I'm skipping emerge --info output until someone says "works for me".
Comment 4 SpanKY gentoo-dev 2007-12-04 07:23:55 UTC
append-lfs-flags adds the correct CPPFLAGS to the build

this bug is about 2gb support which is fixed ... please clone the bug with only relevant information about your other problem
Comment 5 Tim Weber 2007-12-04 07:52:02 UTC
You're right, sorry.

However, while researching about the other bug, I found out that it's a known problem upstream and that it will be fixed in Zip 3.0. If you read the FAQ page carefully, it even says so explicitly:

"recompiling with the -DLARGEFILE_SOURCE -D_FILE_OFFSET_BITS=64 options [...] will allow the utilities to handle uncompressed data files greater than 2 GB in size, as long as the total size of the archive containing them is less than 2 GB."

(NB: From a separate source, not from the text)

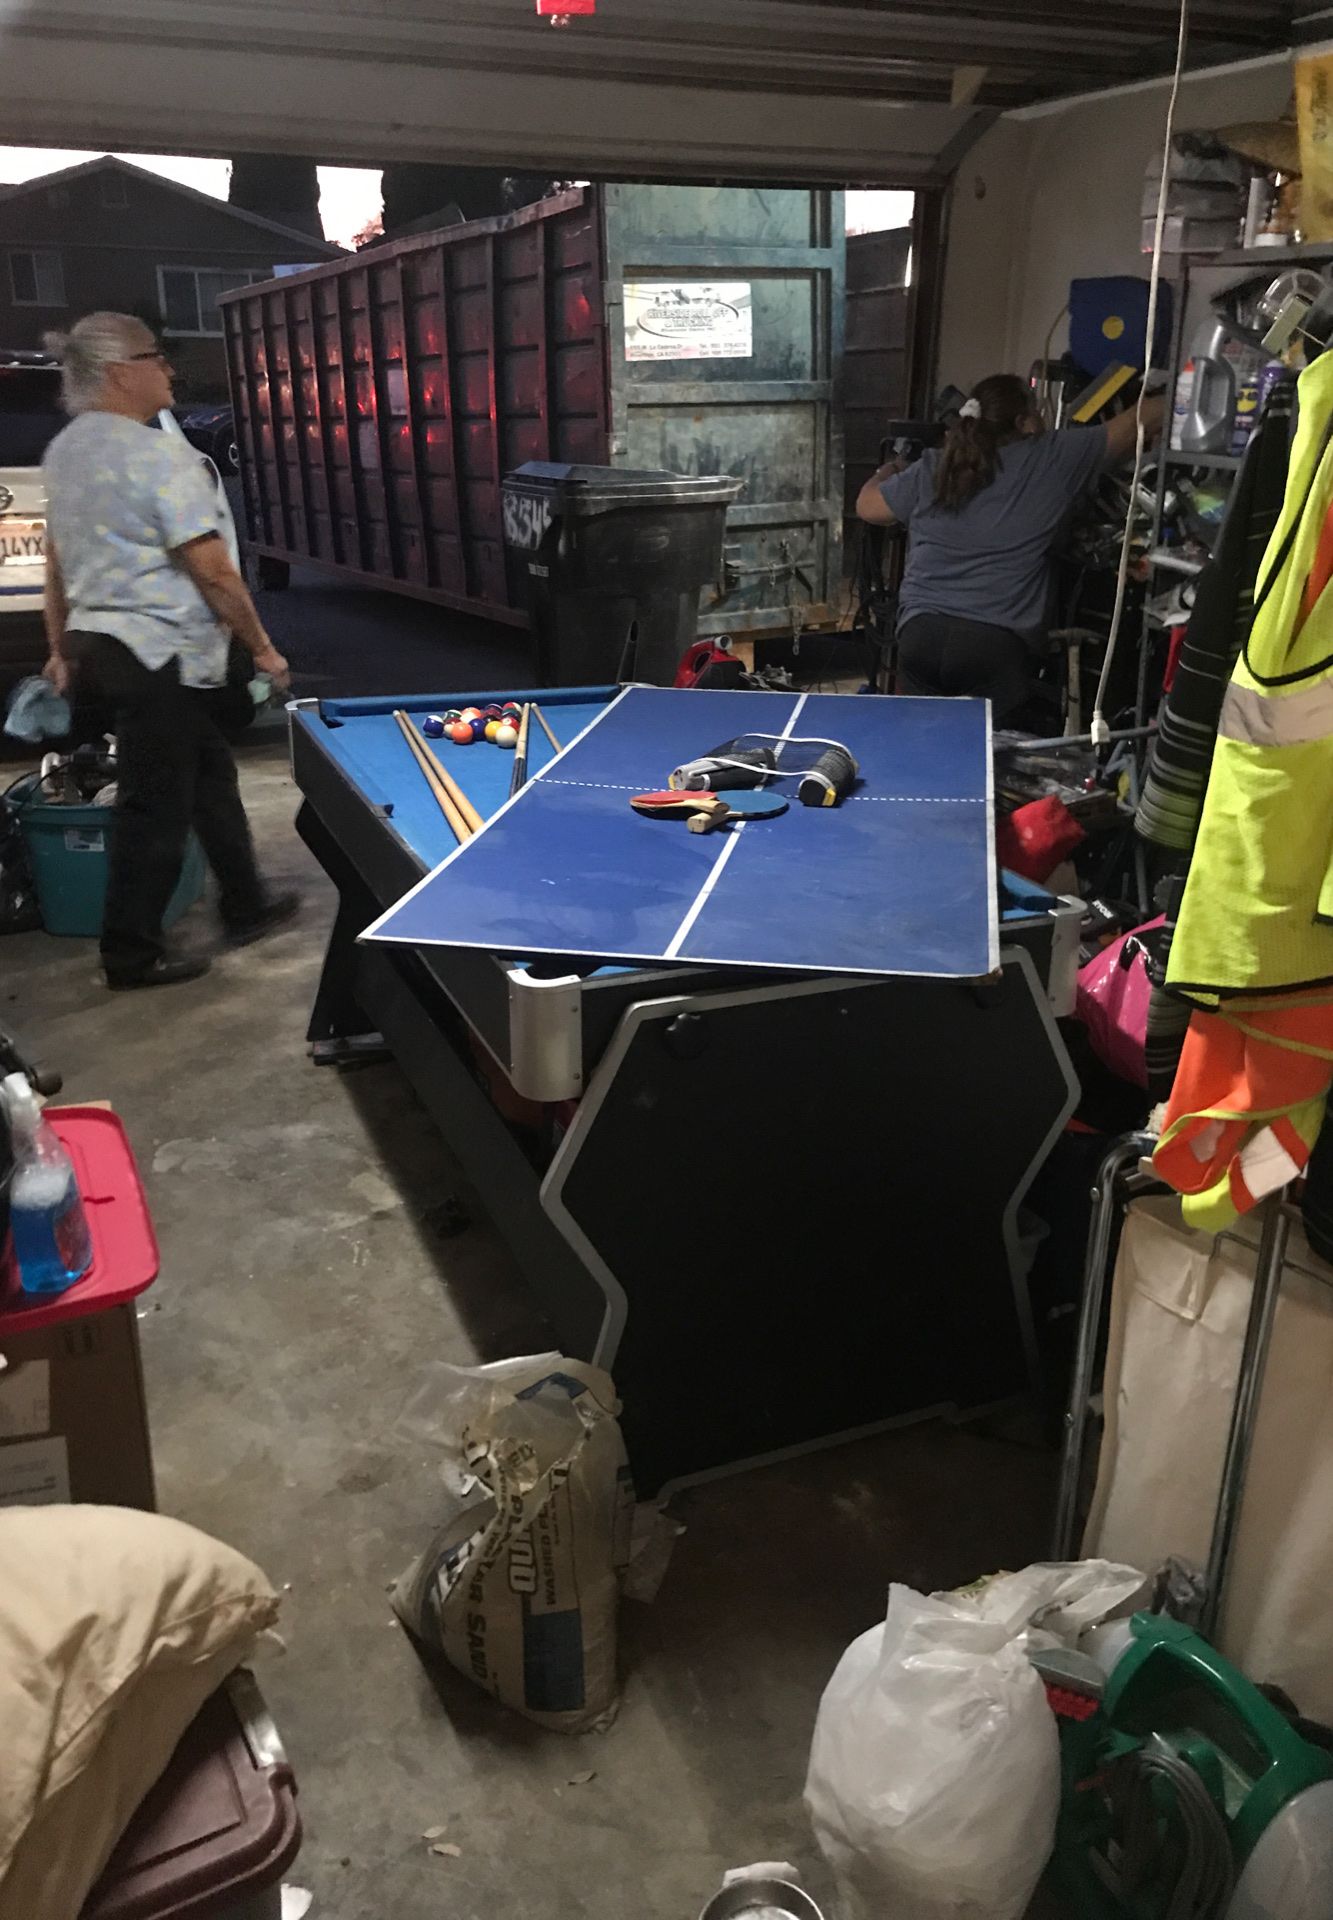 Ping pong / pool / air hockey table

See also: http://www.info-zip.org/board/board.pl?b-zipbugs/m-1192622583/

I won't open another bug, because the only thing that could happen to it would be to be closed RESOLVED WONTFIX or something like that. The fact that Zip can't handle >2GB archives is now documented well enough in our Bugzilla, I think anybody stumbling over that problem will find an answer, even though no solution, here.